Abstract

Acceptance and Commitment Therapy (ACT) is a process-based approach to psychological intervention that fosters acceptance and mindfulness processes, and commitment and behavior change processes, in order to build client psychological flexibility. Psychological flexibility helps clients direct behavior toward positive habits of values based action, consciously fitting these actions to the present internal and external context, harnessing rather than avoiding or attaching oneself to historically or situationally produced private experiences such as thoughts, feelings, memories, urges, or bodily sensations that they may encounter in their daily lives. As contrasted with syndrome-focused approaches to intervention, ACT emphasizes the importance of identifying underlying processes that influence behavioral outcomes and targeting change in these processes rather than signs and symptoms of hypothesized latent disease entities.
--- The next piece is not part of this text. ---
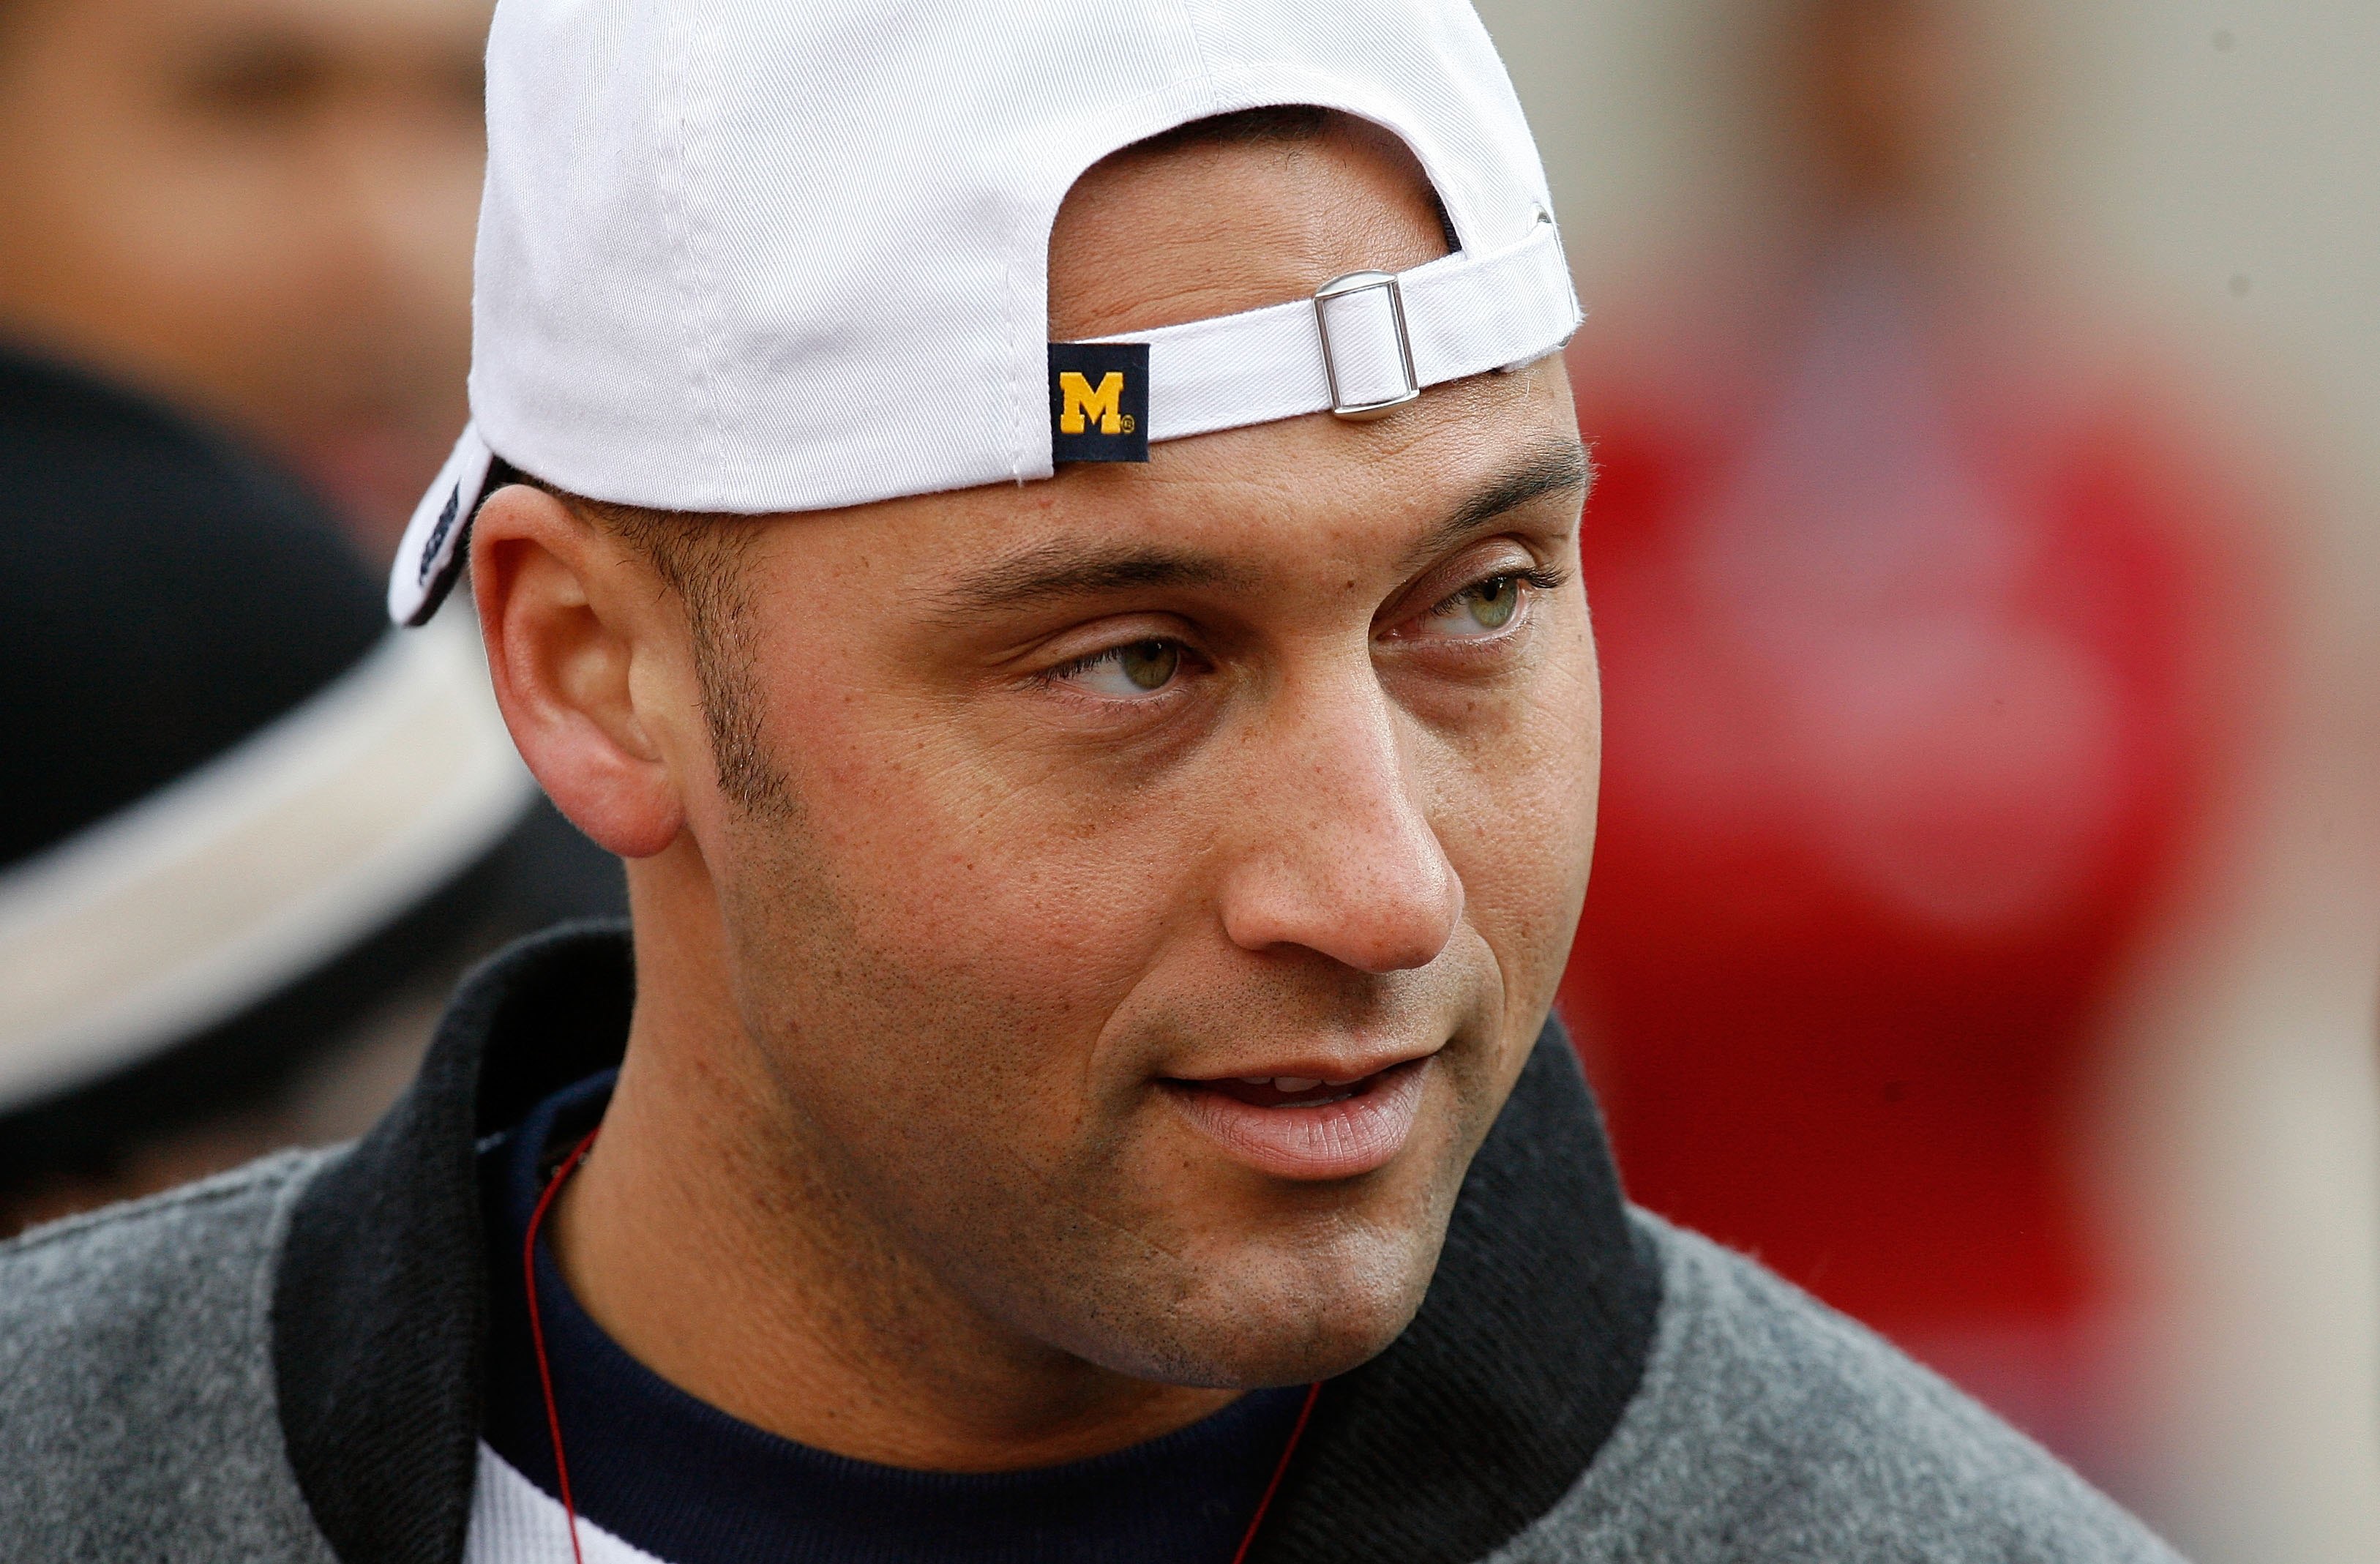 Derek Jeter watches a Michigan game from the sideline on November 18, 2006.  (Photo by Gregory Shamus/Getty Images)
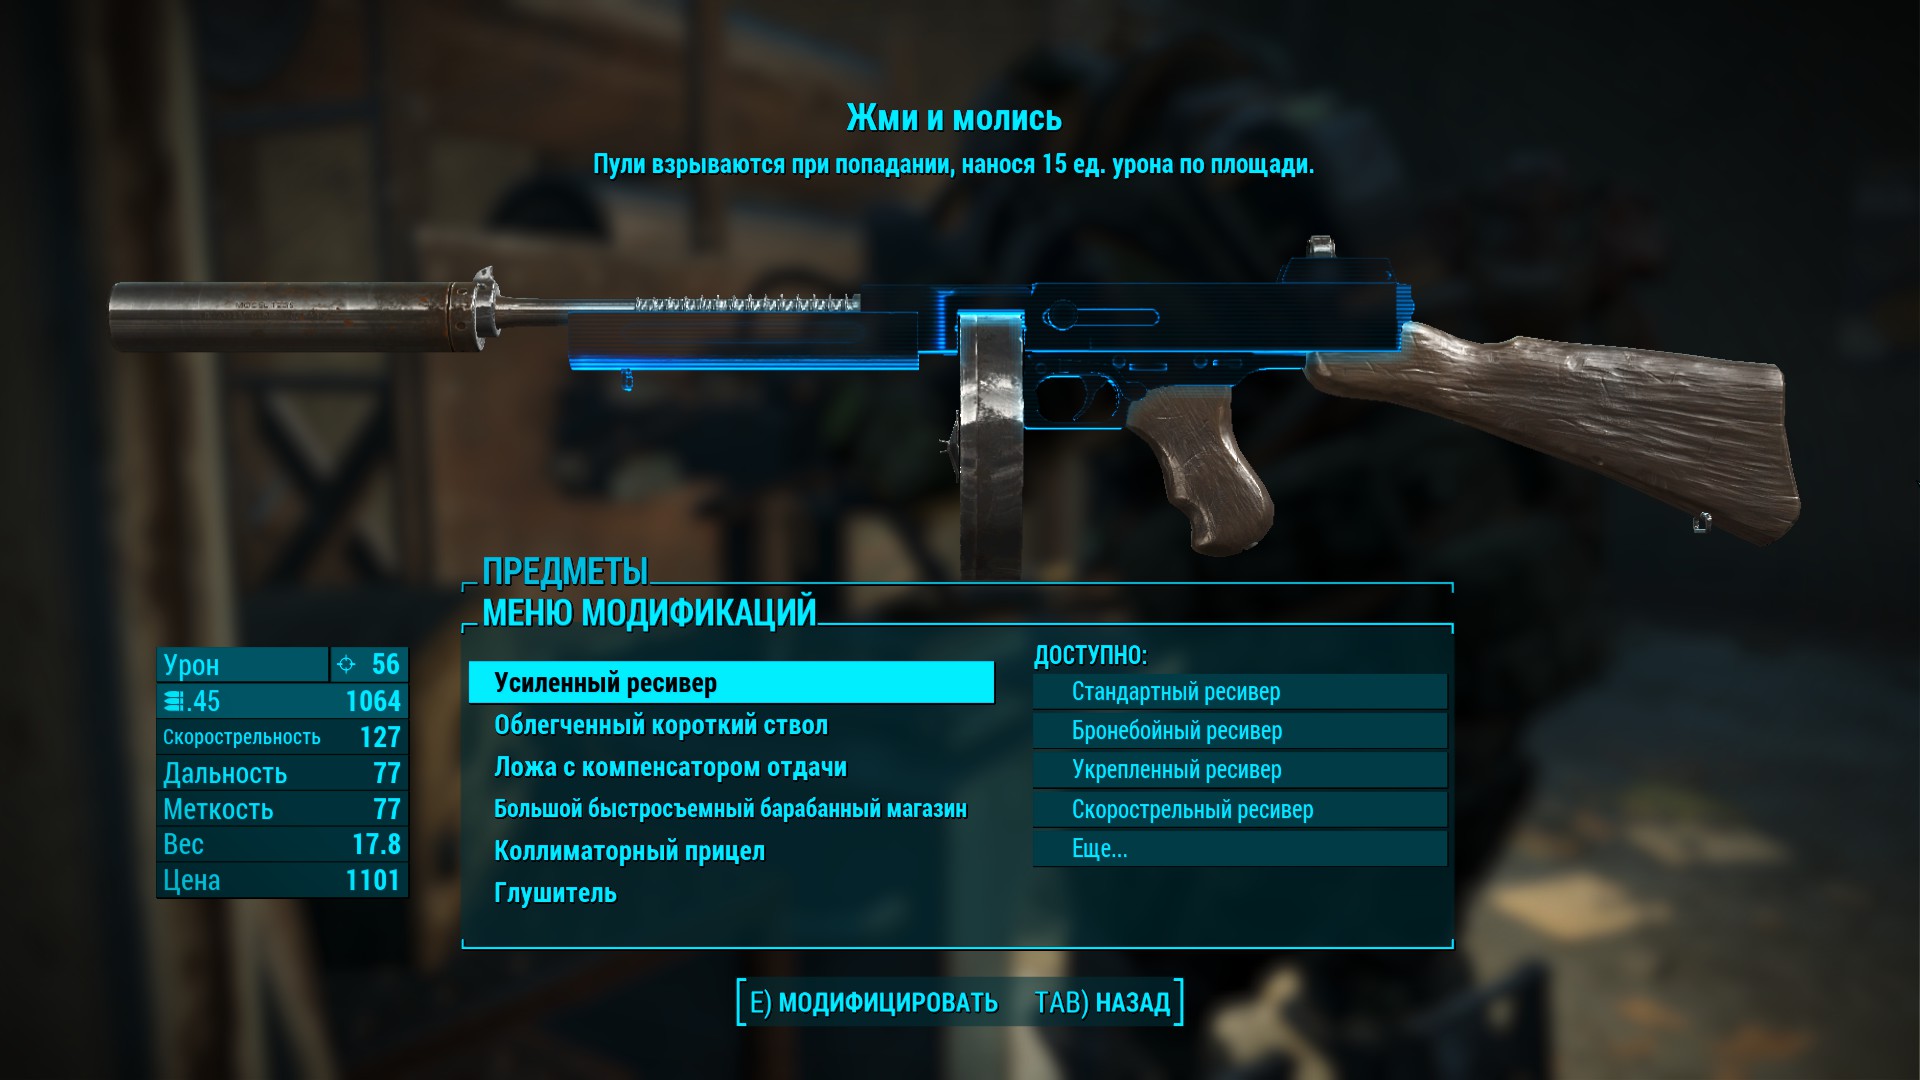 All legendary weapon fallout 4 фото 92

The Psychological Flexibility model upon which ACT rests is itself built upon an extensive research program on language and cognition known as Relational Frame Theory (RFT). Over 800 Randomized Controlled Trials and thousands of other basic and applied studies have now investigated the efficacy of ACT and its underlying basic and applied model, oriented toward an incredible variety of human problems and desired areas of prosperity, from mental health, to behavioral health, to social problems, to organizational issues, and high performance situations. This chapter briefly covers the underlying theory, processes, and evidence for ACT's efficacy as well as examples of how to apply ACT to human behavior change.